Even in draft form, the document represents CIA’s fullest narrative treatment of the Watergate affair, which first surfaced publicly in the predawn hours of June 17, 1972. That’s when Washington police, dressed in plain clothes and responding to a call from a private security guard, arrested at gunpoint five burglars inside the Democratic National Committee headquarters at the Watergate office complex in Washington.

The arrested men were wearing business suits and rubber gloves and carrying electronic eavesdropping devices. Investigation swiftly revealed that one of them was employed by the president's re-election campaign committee, and that four of the five boasted past ties to CIA. But one of the arrested men, it turns out, was still on Langley's payroll at the time of the arrests, and had been feeding information about the break-in team to his CIA case officers the entire time.

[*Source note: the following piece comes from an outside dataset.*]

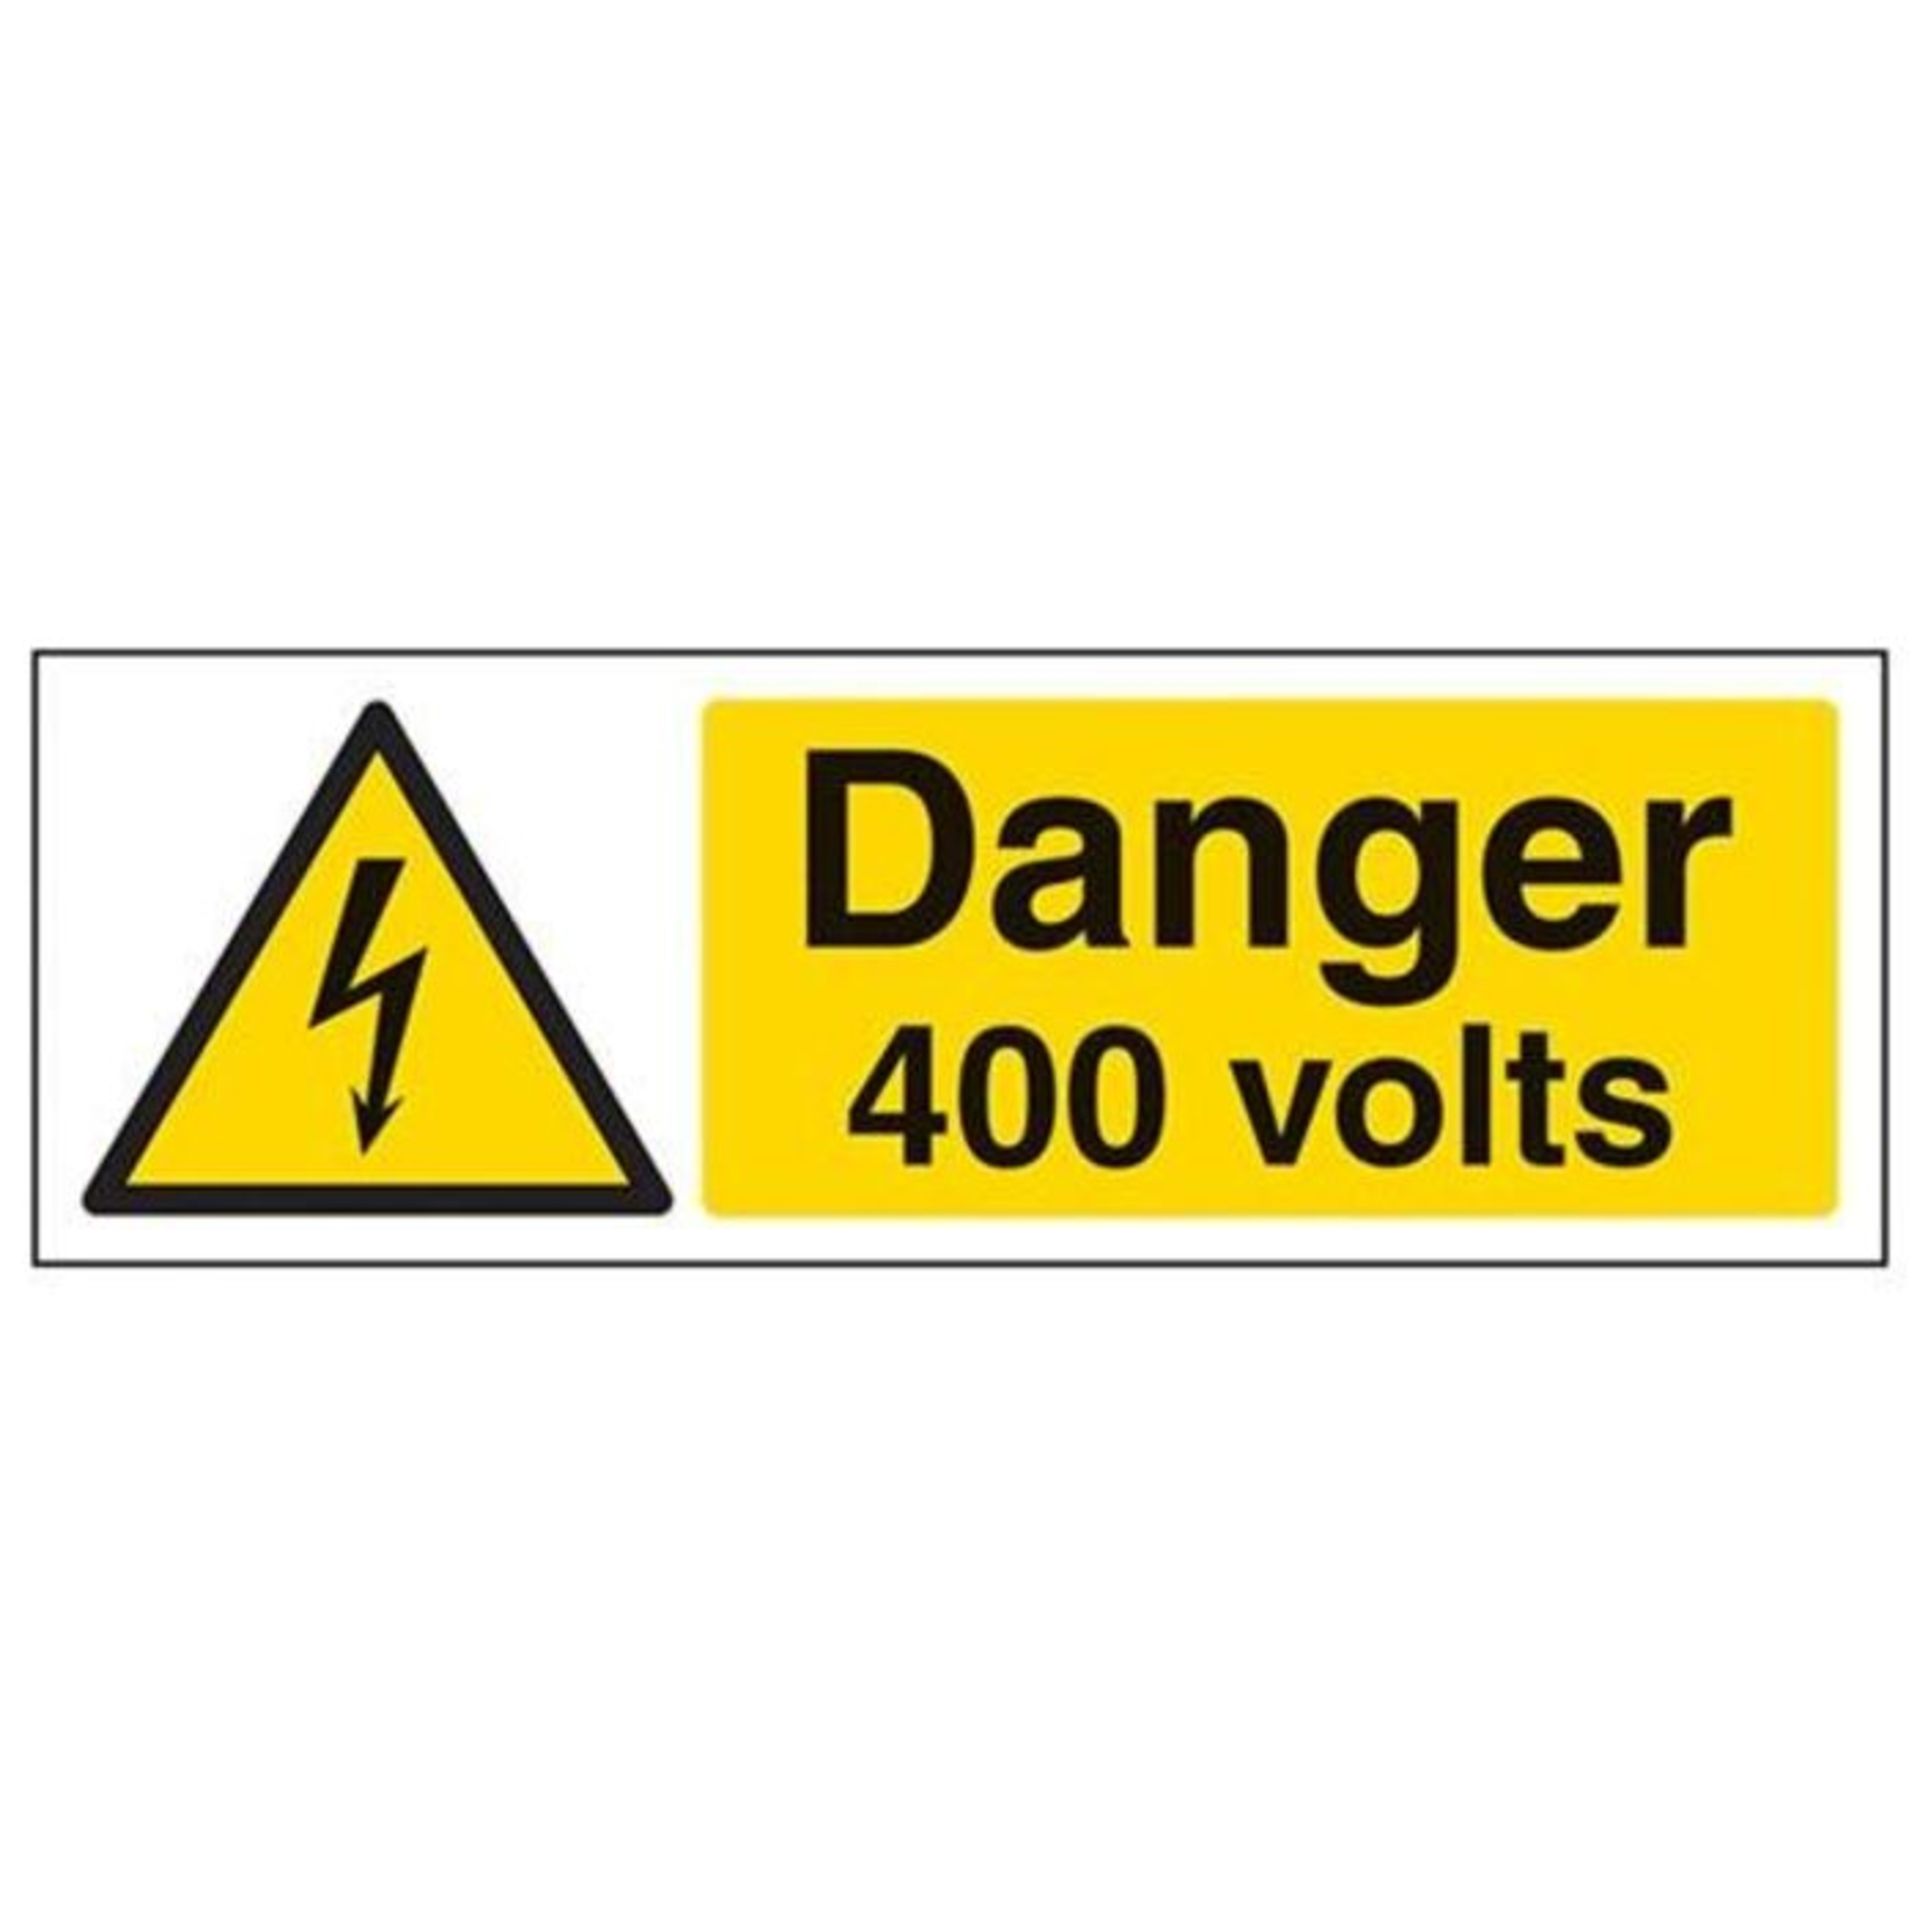 VSafety Danger, 400 Volts Warning Sign - Landscape - 300mm x 100mm - Self Adhesive Vin

That CIA mole was Eugenio R. Martinez, a Cuban Bay of Pigs veteran who was recruited to the break-in team by E. Howard Hunt, the legendary former CIA officer and spy novelist who had helped plan the Bay of Pigs operation in the Kennedy era and had gone on to work as a consultant on covert projects at the Nixon White House. Along with re-election committee lawyer G. Gordon Liddy, a former FBI agent, Hunt masterminded the doomed break-in and surveillance operation at the DNC; he and Liddy would be indicted along with the five arrested men and both would serve lengthy sentences in federal prison.

While Watergate scholars have previously reported that Martinez was a CIA informant during the time he was working for Hunt and Liddy – the wiry operative known as "Musculito" provided Langley with a steady stream of information about the Cuban exile community in Miami, from where he and three of the other burglars hailed, for $100 a month (about $575 today)  – the newly declassified CIA document fleshes out the relationship in greater detail and shows how highly the Agency prized it.

In October 1973 – by which point the months-long effort of the Nixon White House to cover up the origins of the DNC break-in had collapsed, and President Nixon was struggling in vain to stave off impeachment – attorneys from the Watergate Special Prosecution Force met with the CIA’s top lawyer and sought access to documents concerning Martinez. In particular, the draft report states, the WSPF lawyers wanted to review a previous report prepared by one of Martinez’s case officers in Miami and a copy of Martinez’s “roundup of his discussions with Hunt” from April 1972, the month before the burglars first penetrated the DNC suite.

CIA General Counsel John S. Warner adamantly refused. “Warner stated that under no circumstances would the Agency give up all records relating to the Agency’s relationship with Martinez,” the report stated. “Warner explained why such a request was difficult for the Agency – the breaching of trust of an agent.”

The document marks the first known reference by CIA to Martinez as “an agent,” as opposed to an informant, and exposes how valuable an asset the Agency considered him to be. Among several-dozen passages of the report still redacted today, more than four decades after the events in question, are the names of two CIA case officers to whom Martinez reported.

Elsewhere the report chronicles how top CIA officials, including then-Director Richard Helms, withheld data about Martinez from the FBI at the very outset of its investigation of the break-in.

On June 19, 1972, the first business day after the burglars were arrested, the report notes that Helms received a briefing from CIA’s Director of Security at the time, Howard Osborn, who provided “biographic details” for each of the arrested men. Yet three days later, the report states, Helms told the Bureau's acting director, L. Patrick Gray III, that “none [of the arrested men] had worked for the Agency in the past two years.” That was untrue where Martinez was concerned.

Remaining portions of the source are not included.